La valeur d'un projet audiovisuel se construit avant même que les financements ne soient obtenus.

Gianpaolo Todisco Associé

Dans le secteur audiovisuel, le développement d'un projet est souvent perçu comme une phase essentiellement créative : on travaille sur le sujet, le scénario, la présentation et la recherche de partenaires financiers. Et pourtant, c'est précisément à ce stade que se joue l'un des éléments les plus déterminants pour la réussite du projet : sa solidité juridique.

Un projet peut susciter l'intérêt de diffuseurs, de plateformes, d'investisseurs ou de coproducteurs. Cependant, sans une structure claire des droits et un cadre contractuel adapté, même les meilleures opportunités peuvent s'enliser au stade de la due diligence.

La sécurité juridique comme condition préalable à l'investissement

Toute opération de financement ou de coproduction nécessite une vérification préalable de la titularité des droits sur l'œuvre.

Ce que l'on appelle la « chaîne de titres » désigne l'ensemble des documents qui attestent, sans interruption, la détention légitime des droits nécessaires à la réalisation et à l'exploitation économique du projet. Il ne s'agit pas d'une simple formalité, mais de l'un des principaux facteurs pris en compte par les acteurs du marché pour évaluer les risques.

Des contrats incomplets, des cessions mal encadrées ou des autorisations manquantes peuvent compromettre la faisabilité financière du projet, ralentir les négociations ou avoir une incidence sur sa valeur économique.
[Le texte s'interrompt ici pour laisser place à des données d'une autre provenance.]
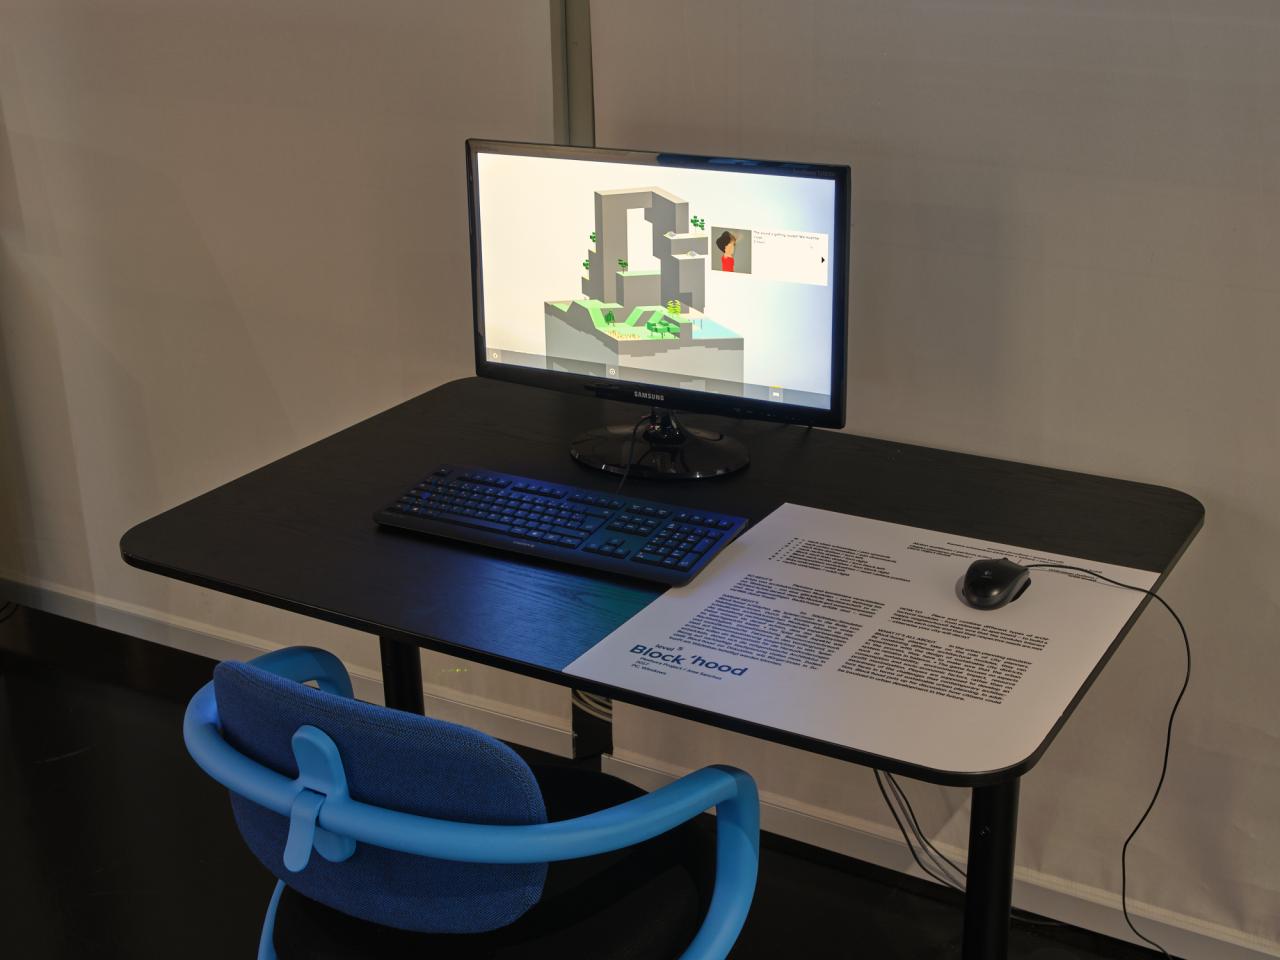 Ein blauer Stuhl steht vor einem Schreibtisch. Auf diesem Tisch steht ein Computerbildschirm mit angeschlossener Tastatur und Maus. Das Computerspiel »Block’hood« wird auf dem Bildschirm ausgespielt.

Organiser le développement sans prendre de risques inutiles

Au cours des premières phases de développement, il n'est pas toujours judicieux d'acquérir immédiatement tous les droits de manière définitive. Une bonne planification contractuelle permet au producteur de développer le projet, de le présenter au marché et de vérifier l'intérêt réel des opérateurs, tout en conservant la flexibilité nécessaire pour les phases de négociation ultérieures.

Les accords d'option, les contrats de développement et les lettres d'intention, s'ils sont correctement rédigés, permettent d'équilibrer les intérêts de l'auteur et du producteur, en évitant les avances financières injustifiées et en réduisant le risque de litiges futurs.

La qualité de la documentation préparée à ce stade a une incidence directe sur la capacité du projet à attirer des investissements.

Protéger le projet lors des échanges avec le marché

Le développement d'une œuvre implique inévitablement le partage de documents avec les chaînes de télévision, les plateformes, les distributeurs, les investisseurs et les partenaires potentiels de coproduction.

Dans ce contexte, la protection ne concerne pas uniquement la confidentialité des informations, mais aussi la définition précise des rôles, des attentes et des droits des parties concernées. Une réglementation contractuelle claire permet d'éviter que des discussions préliminaires ne donnent lieu à des revendications concernant la propriété de l'œuvre, la qualité de producteur ou la participation aux futures exploitations économiques.

À cet égard, la gouvernance juridique du projet constitue un élément essentiel de la stratégie de développement.

La due diligence commence bien avant la signature

De plus en plus souvent, les investisseurs institutionnels, les fonds, les banques et les partenaires industriels exigent des vérifications préalables de la situation juridique des projets avant de prendre tout engagement financier.

Une documentation complète, cohérente et facilement vérifiable réduit la durée de la due diligence, renforce la position de négociation du fabricant et contribue à accroître la fiabilité globale de l'opération.

Au contraire, la nécessité de reconstituer a posteriori la titularité des droits ou de combler des lacunes documentaires constitue l'une des principales causes de ralentissement des opérations et, dans certains cas, peut compromettre la conclusion de l'investissement.

Un actif incorporel nécessite une stratégie juridique

Sur le marché audiovisuel, la valeur d'un projet ne dépend pas uniquement de la qualité créative de l'œuvre, mais aussi de sa capacité à offrir une sécurité juridique aux acteurs qui soutiendront son développement.

Pour le producteur, investir dès le début dans la structuration des droits, la préparation des documents contractuels et la planification des relations futures avec les auteurs, les bailleurs de fonds et les partenaires industriels revient à transformer une idée créative en un actif réellement négociable.

La protection juridique n'intervient donc pas lorsque le projet est prêt à être mis en œuvre : elle constitue l'un des outils grâce auxquels le projet acquiert de la valeur, devient finançable et peut aborder le marché avec davantage de solidité et de compétitivité.